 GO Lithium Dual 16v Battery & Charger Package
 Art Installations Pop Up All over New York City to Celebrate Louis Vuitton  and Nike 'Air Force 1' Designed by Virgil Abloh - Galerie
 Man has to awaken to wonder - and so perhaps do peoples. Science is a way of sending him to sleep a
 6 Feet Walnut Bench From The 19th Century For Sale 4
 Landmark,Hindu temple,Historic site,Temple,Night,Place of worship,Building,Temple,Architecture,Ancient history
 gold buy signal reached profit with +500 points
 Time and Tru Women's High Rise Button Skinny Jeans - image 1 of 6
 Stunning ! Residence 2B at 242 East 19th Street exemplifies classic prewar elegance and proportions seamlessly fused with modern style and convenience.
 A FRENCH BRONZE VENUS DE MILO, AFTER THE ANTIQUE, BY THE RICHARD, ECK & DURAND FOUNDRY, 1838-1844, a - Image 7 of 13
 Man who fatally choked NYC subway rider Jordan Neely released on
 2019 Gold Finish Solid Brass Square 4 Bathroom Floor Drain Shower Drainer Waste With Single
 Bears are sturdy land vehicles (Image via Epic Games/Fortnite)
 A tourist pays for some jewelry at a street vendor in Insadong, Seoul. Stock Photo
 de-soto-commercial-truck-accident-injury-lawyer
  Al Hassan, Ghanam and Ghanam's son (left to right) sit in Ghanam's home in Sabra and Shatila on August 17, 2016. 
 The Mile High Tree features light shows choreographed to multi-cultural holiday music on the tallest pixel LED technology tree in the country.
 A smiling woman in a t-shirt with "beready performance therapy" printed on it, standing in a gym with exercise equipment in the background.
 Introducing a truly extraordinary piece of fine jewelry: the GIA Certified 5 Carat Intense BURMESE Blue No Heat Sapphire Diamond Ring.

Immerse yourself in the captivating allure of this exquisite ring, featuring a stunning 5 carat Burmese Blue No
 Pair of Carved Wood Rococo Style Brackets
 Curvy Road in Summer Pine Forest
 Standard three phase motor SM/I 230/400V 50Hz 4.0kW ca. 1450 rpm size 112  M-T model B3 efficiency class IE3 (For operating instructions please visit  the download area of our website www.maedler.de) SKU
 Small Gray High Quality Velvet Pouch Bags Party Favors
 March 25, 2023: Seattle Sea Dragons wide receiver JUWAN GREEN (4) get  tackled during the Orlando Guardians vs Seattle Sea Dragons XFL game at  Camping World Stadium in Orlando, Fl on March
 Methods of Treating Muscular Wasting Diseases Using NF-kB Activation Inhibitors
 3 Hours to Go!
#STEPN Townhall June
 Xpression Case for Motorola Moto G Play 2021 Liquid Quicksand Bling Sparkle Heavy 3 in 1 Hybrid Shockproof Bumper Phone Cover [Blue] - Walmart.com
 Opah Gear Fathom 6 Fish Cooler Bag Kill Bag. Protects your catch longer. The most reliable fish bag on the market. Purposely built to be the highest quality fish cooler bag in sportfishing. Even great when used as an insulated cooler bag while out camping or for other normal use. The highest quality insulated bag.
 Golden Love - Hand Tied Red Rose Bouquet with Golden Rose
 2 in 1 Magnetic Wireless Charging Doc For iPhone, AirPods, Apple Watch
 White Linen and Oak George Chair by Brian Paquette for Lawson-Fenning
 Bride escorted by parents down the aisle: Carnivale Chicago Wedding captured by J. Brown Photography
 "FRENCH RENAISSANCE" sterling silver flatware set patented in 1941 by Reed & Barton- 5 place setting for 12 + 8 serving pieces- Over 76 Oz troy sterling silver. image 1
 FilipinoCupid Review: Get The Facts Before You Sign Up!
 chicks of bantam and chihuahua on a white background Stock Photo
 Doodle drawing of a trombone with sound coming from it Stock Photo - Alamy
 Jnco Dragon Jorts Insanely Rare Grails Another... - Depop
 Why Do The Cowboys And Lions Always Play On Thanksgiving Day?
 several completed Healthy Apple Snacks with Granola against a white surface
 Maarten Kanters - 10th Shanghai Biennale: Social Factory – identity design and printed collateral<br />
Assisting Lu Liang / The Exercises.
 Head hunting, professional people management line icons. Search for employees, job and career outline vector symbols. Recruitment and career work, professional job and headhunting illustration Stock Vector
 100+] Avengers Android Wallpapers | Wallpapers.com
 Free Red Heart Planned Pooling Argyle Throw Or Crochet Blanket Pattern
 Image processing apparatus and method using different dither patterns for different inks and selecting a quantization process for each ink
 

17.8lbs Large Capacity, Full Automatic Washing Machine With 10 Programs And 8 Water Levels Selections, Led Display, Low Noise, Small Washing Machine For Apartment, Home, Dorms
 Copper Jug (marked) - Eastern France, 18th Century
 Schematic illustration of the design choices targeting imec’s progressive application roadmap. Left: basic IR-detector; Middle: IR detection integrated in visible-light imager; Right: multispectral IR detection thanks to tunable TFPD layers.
= = =
ACTIVITY: Each line from the top of the material above through the line with "Art Installations Pop" must be echoed exactly, and no other line.

ANSWER:
 GO Lithium Dual 16v Battery & Charger Package
 Art Installations Pop Up All over New York City to Celebrate Louis Vuitton  and Nike 'Air Force 1' Designed by Virgil Abloh - Galerie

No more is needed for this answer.